On Friday, September 8, 2017 Pope Francis began his second full day in Colombia with the Celebration of Mass in Villavicencio. The Mass was both a celebration of the Nativity of the Virgin Mary and a Beatification Mass for Jesus Emilio Jaramillo Monsalve, Bishop of Arauca and Pedro Maria Ramirez Ramos, Diocesan priest. Below, find the full text of his prepared homily:
“Your birth, O Virgin Mother of God, is the new dawn that proclaims joy to the whole world, for from you has been born the sun of justice, Christ our God” (cf. Antiphon for the Benedictus). The feast of the birth of Mary shines its light over us, just as the gentle light of dawn radiates above the vast Colombian plain, this beautiful landscape whose gateway is Villavicencio, and shines its light too upon the rich diversity of its indigenous peoples.

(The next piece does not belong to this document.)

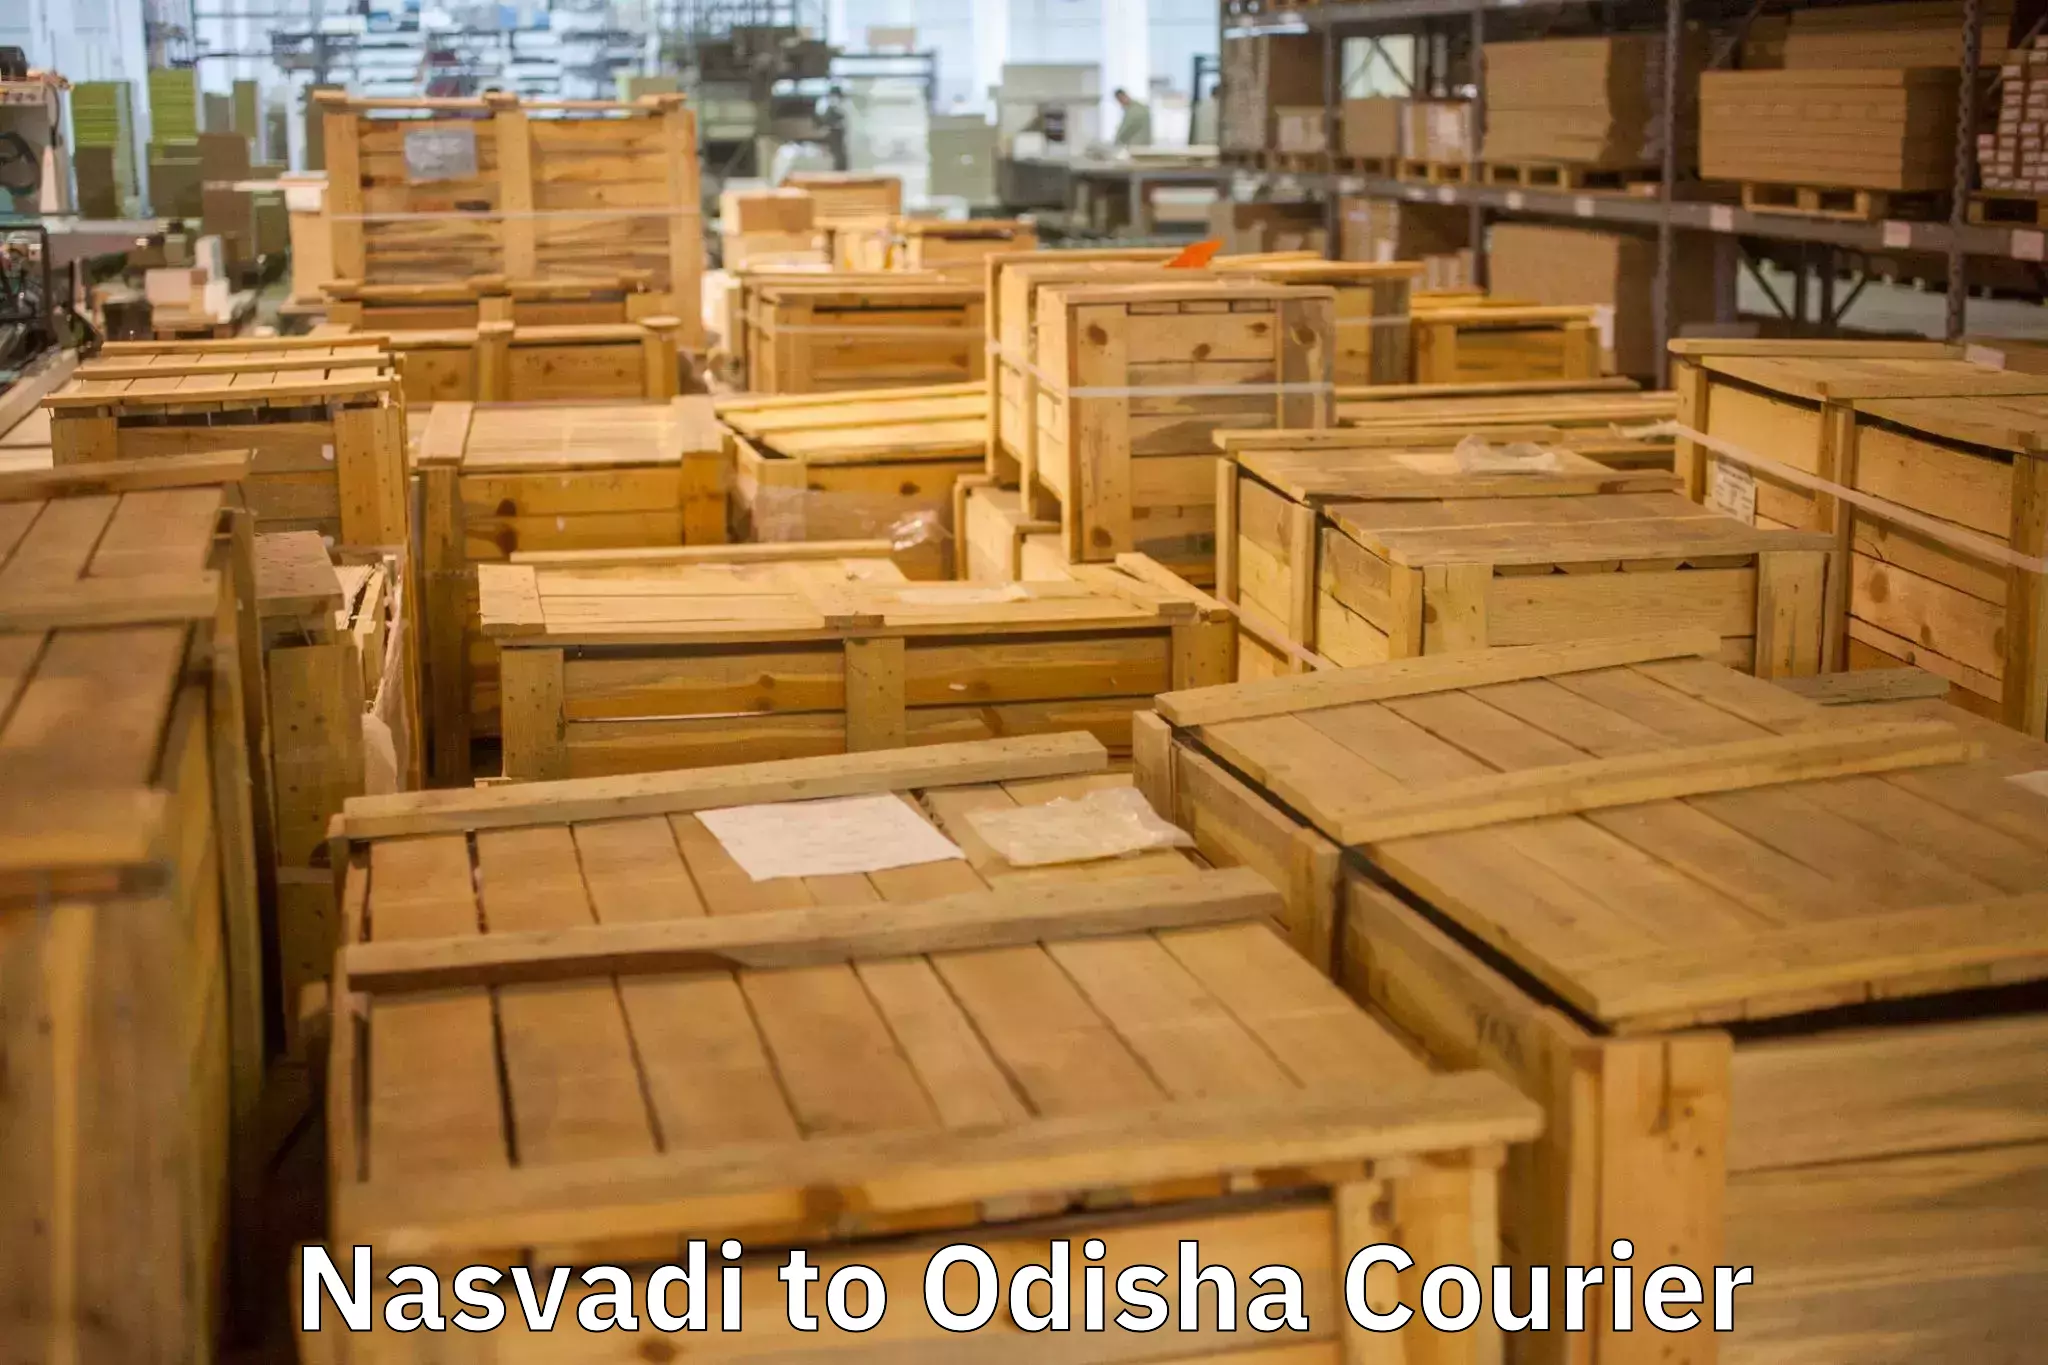 Furniture relocation experts Nasvadi to Asika

Mary is the first light who announces night’s end, and above all, the impending day. Her birth helps us to understand the loving, tender, compassionate plan of love in which God reaches down and calls us to a wonderful covenant with him, that nothing and no one will be able to break.
Mary knew how to transmit God’s light, and she reflected the rays of that light in her home which she shared with Joseph and Jesus, reflecting it also in her people, her country and that home which is common to all mankind: creation.
In the Gospel, we have heard the genealogy of Jesus (Mt 1:1-17), which is not a “simple list of names”, but rather a “living history”, the history of the people that God journeyed with; by making himself one of us, God wanted to announce that the history of the just and of sinners runs through his blood, that our salvation is not a sterile entity found in a laboratory, but rather something concrete, a salvation of life that moves forward. This long list tells us that we are a small part of a vast history, and it helps us not to claim excessive importance for ourselves; it helps us elude the temptation of over-spiritualizing things; it helps us not withdraw from the concrete historical realities in which we live. It also integrates in our history of salvation those pages which are the darkest and saddest, moments of desolation and abandonment comparable to exile.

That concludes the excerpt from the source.